American apparently killed by tribe's arrows on remote island is identified
NEW DELHI -- An American adventurer who kayaked to a remote Indian island populated by a tribe known for shooting at outsiders with bows and arrows has been killed, police said Wednesday. Dependera Pathak, director-general of police on India's Andaman and Nicobar Islands, identified the American as John Allen Chau and said he told a hotel he was 26 years old.
Chau was apparently shot and killed by arrows, but the cause of death can't be confirmed until his body is recovered, Pathak told The Associated Press.
Pathak said seven fishermen have been arrested for helping the American reach North Sentinel Island. The Sentinelese people are resistant to outsiders and often attack anyone who comes near, and visits to the island are heavily restricted by the government.
"It was a case of misdirected adventure," Pathak said.
Police have approached anthropologists with contacts on the island in an effort to visit and recover the body, Pathak said.
He said Chau arrived in the area on Oct. 16 and stayed in a hotel while he prepared to travel to the island. It was not his first time in the region: Chau had visited the Andaman and Nicobar Islands in 2015 and 2016, Pathak said. North Sentinel is in the Andaman Islands at the intersection of the Bay of Bengal and Andaman Sea.
Chau organized his visit to the island through a friend who hired seven fishermen for $325 to take him there on a boat, which also towed his kayak, Pathak said.
Chau went ashore in his kayak on Nov. 15 and sent the boat with the fishermen out to sea to avoid detection, Pathak said. He interacted with some of the tribespeople, offering gifts such as a football and fish. But the tribespeople became angry and shot an arrow at him, hitting a book he was carrying, Pathak said.
After his kayak was damaged, Chau swam back to the fishermen's boat, which was waiting at a prearranged location. He spent the night writing about his experiences on pages that he then handed gave the fishermen, Pathak said. He set out again to meet the tribespeople on Nov. 16.
What happened then isn't known. But on the morning of the following day, the waiting fishermen watched from a distance as the tribesmen dragged Chau's body. They left for Port Blair, the capital of the Andaman and Nicobar Islands, where they broke the news to Chau's friend, who in turn notified his family, Pathak said.
He said the family got in touch with Indian police and U.S. consular officials.

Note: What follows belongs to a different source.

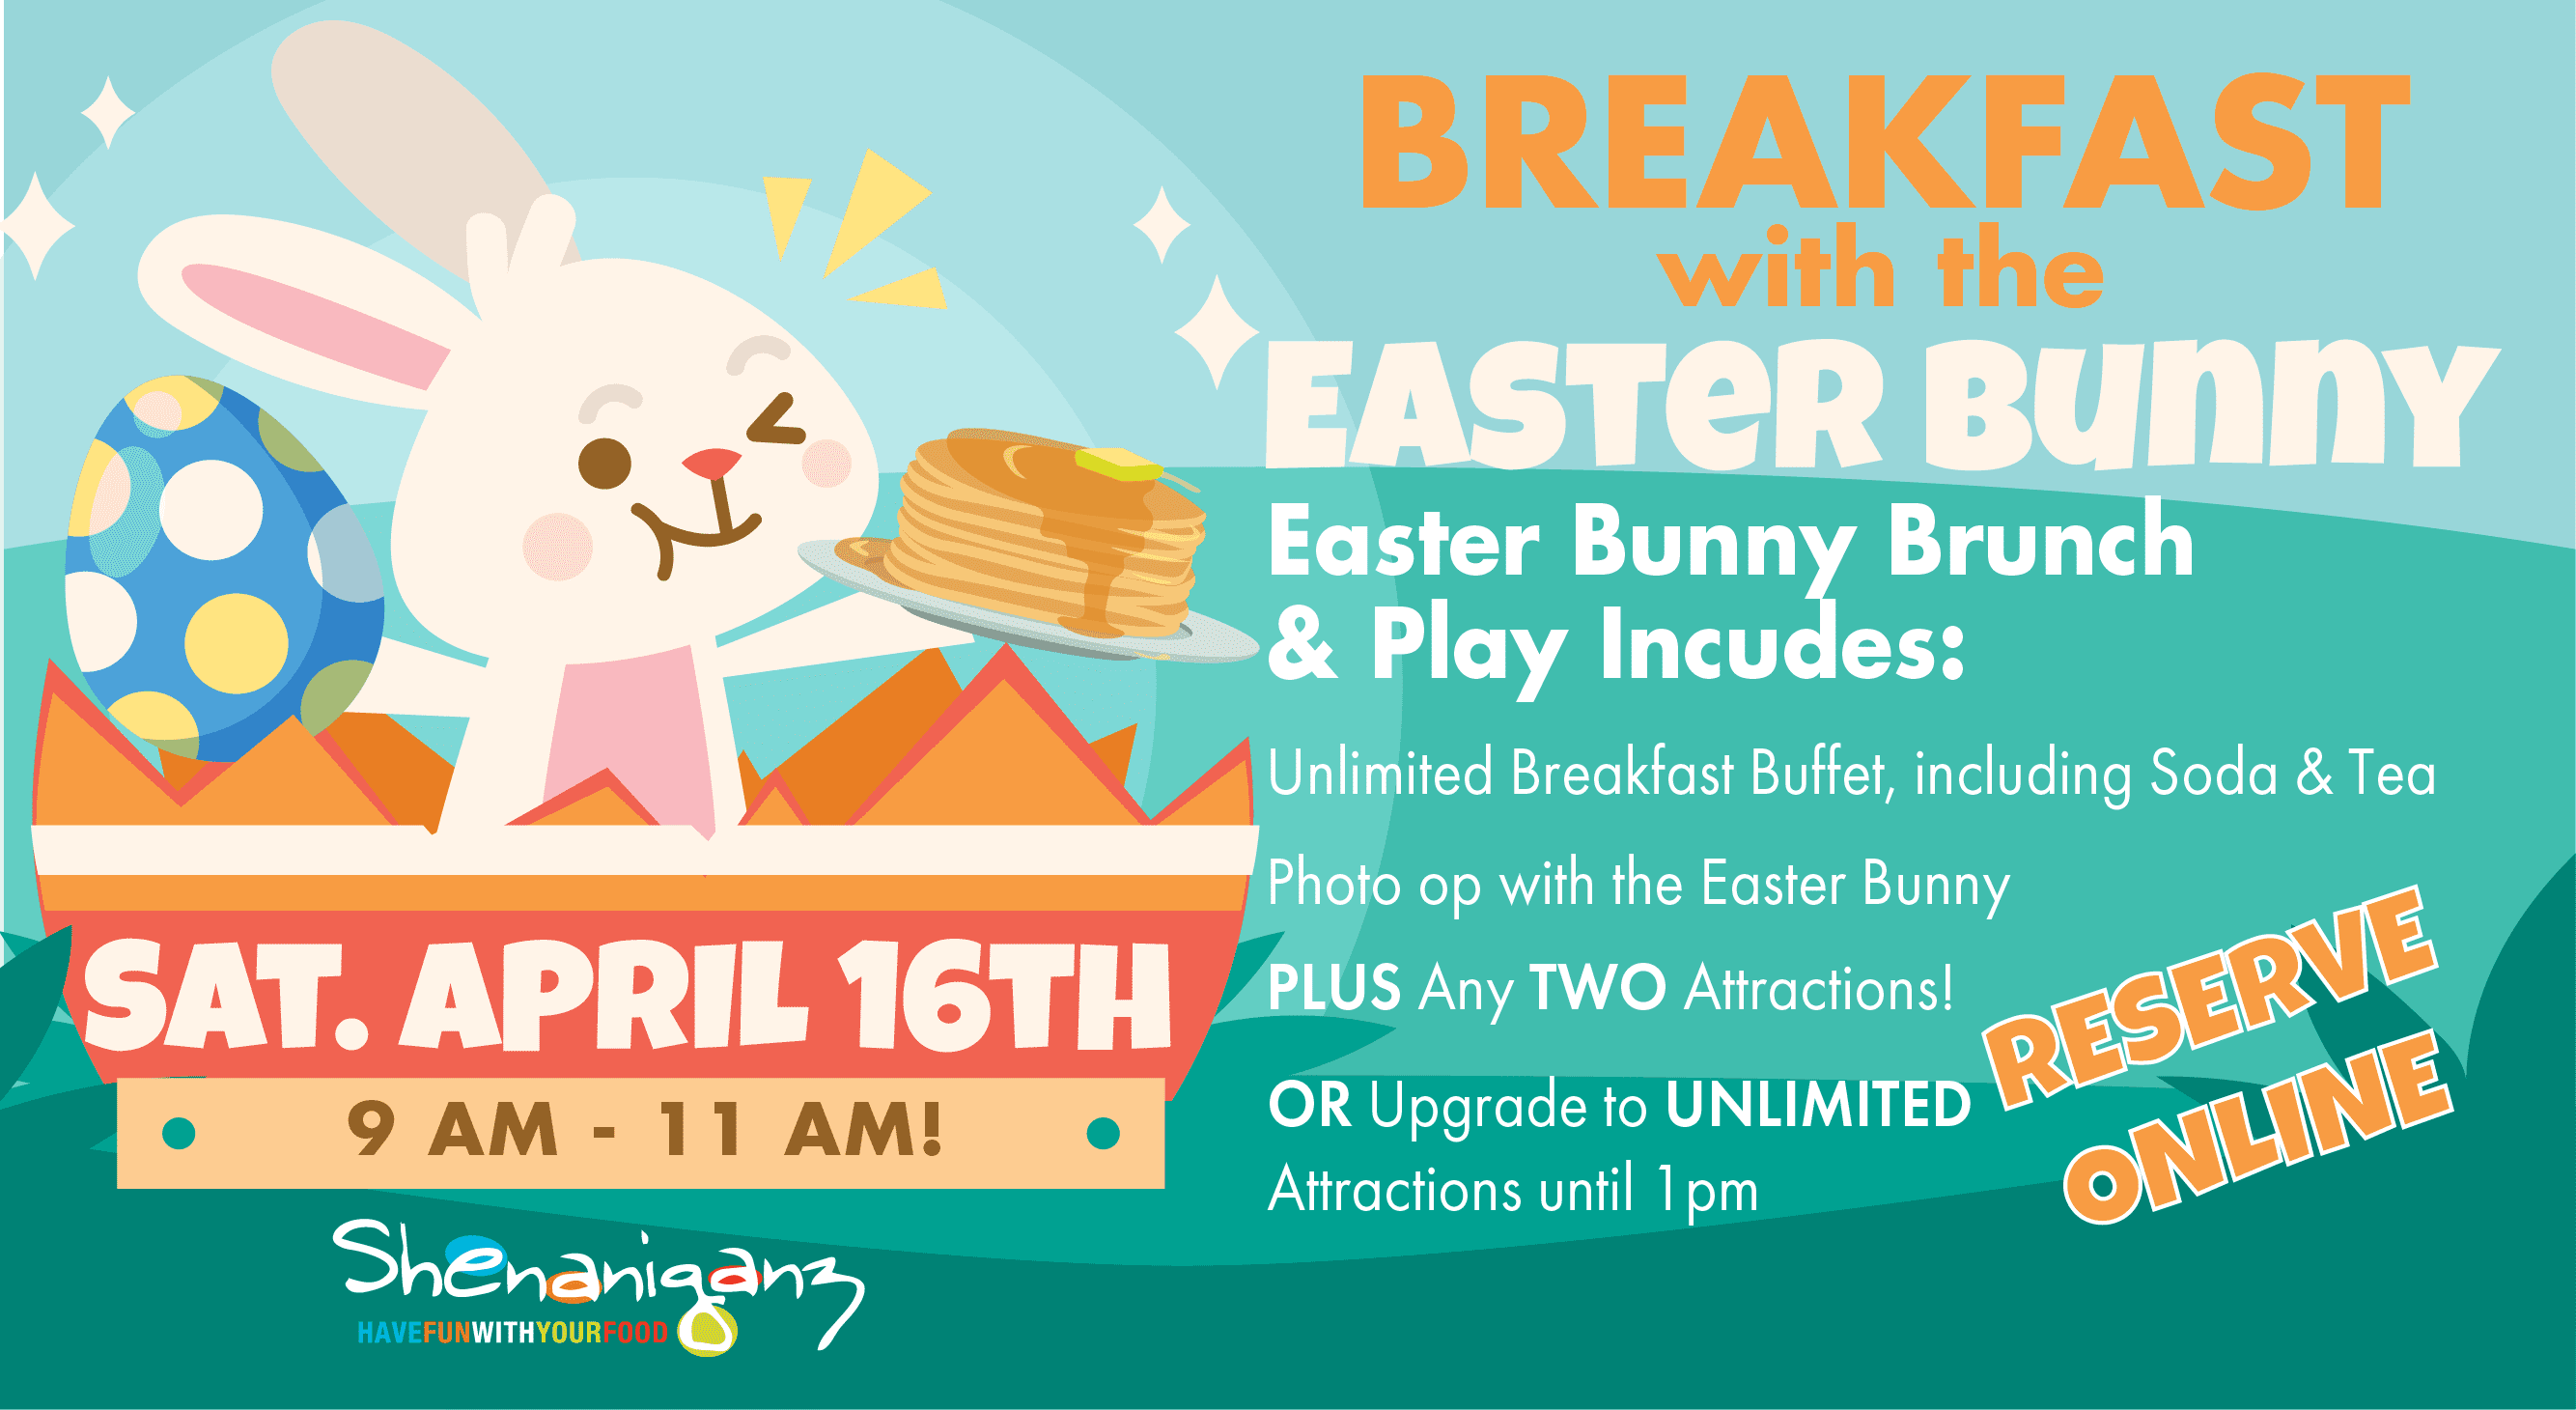 Breakfast with the Easter Bunny! Saturday April 16th 9 am to 11 am. Easter bunny brunch and playy includes, Unlimited breakfast buffet, including soda & tea. Photo opportunity with the Easter Bunny, PLUS and TWO Attractions.

Police charged the seven fishermen with endangering the life of the American by taking him to a prohibited area, Pathak said.
"I love to explore," Chau told the Outbound Collective four years ago. "So whether it's trekking through dense old growth forests near the Chilliwack River [on the US-Canada border], finding a rumoured waterfall in the jungles of the Andamans, or just wandering around a city to get a feel for the vibes, I'm an explorer at heart."
Kathleen Hosie, spokeswoman for the U.S. Consulate in Chennai, the capital of India's southern Tamil Nadu state, said she was aware of reports concerning an American in the islands but could not comment further due to privacy considerations.
Survival International, an organization that works for the rights of tribal people, said the killing of the American should prompt Indian authorities to properly protect the lands of the Sentinelese and other Andaman tribes.
"The British colonial occupation of the Andaman Islands decimated the tribes living there, wiping out thousands of tribespeople, and only a fraction of the original population now survives. So the Sentinelese fear of outsiders is very understandable," Stephen Corry, the group's director, said in a statement.
Shiv Viswanathan, a social scientist and a professor at Jindal Global Law School, said North Sentinel Island was a protected area and not open to tourists. "The exact population of the tribe is not known, but it is declining. The government has to protect them," Viswanathan said.
Poachers are known to fish illegally in the waters around the island, catching turtles and diving for lobsters and sea cucumbers. Tribespeople killed two Indian fishermen in 2006 when their boat broke loose and drifted onto the shore.
After a 2004 tsunami devastated the region, an Indian coast guard commander, Anil Thapliyal, said he spotted a lone tribesman on the island.
"There was a naked Sentinelese man," Thapliyal told The Associated Press. "He came out and shot an arrow at the helicopter."